**What to produce:** Restate the data that follows exactly as it stands, beginning with the first line and ending with the line that contains "Italy, circa 1960".

**Stored data entries:**
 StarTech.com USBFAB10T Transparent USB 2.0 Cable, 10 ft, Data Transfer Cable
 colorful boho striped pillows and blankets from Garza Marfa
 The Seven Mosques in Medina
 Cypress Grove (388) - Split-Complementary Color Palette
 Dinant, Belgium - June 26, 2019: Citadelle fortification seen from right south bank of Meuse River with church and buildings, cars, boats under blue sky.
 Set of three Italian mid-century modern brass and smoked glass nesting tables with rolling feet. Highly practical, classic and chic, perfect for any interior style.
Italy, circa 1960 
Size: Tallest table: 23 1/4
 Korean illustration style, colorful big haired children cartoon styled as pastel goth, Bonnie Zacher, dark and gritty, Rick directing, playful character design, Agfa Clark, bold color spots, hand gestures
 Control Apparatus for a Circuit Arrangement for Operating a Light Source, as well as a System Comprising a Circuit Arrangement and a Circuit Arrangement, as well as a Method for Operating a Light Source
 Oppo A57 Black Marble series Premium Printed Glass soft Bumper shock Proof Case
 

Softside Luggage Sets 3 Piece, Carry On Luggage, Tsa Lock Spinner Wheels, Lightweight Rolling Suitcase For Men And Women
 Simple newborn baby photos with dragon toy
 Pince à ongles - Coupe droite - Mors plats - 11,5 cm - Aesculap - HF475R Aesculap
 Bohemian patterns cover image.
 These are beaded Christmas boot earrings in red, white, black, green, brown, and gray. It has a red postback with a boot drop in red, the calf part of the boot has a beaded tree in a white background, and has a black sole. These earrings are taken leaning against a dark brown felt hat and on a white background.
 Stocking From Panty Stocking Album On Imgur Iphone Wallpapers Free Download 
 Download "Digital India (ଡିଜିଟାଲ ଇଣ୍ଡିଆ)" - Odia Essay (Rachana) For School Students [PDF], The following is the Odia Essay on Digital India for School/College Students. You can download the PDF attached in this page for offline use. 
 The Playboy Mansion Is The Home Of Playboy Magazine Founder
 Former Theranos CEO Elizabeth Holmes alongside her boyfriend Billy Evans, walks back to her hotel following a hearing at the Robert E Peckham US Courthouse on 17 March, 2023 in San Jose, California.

**Task solution:**
 StarTech.com USBFAB10T Transparent USB 2.0 Cable, 10 ft, Data Transfer Cable
 colorful boho striped pillows and blankets from Garza Marfa
 The Seven Mosques in Medina
 Cypress Grove (388) - Split-Complementary Color Palette
 Dinant, Belgium - June 26, 2019: Citadelle fortification seen from right south bank of Meuse River with church and buildings, cars, boats under blue sky.
 Set of three Italian mid-century modern brass and smoked glass nesting tables with rolling feet. Highly practical, classic and chic, perfect for any interior style.
Italy, circa 1960 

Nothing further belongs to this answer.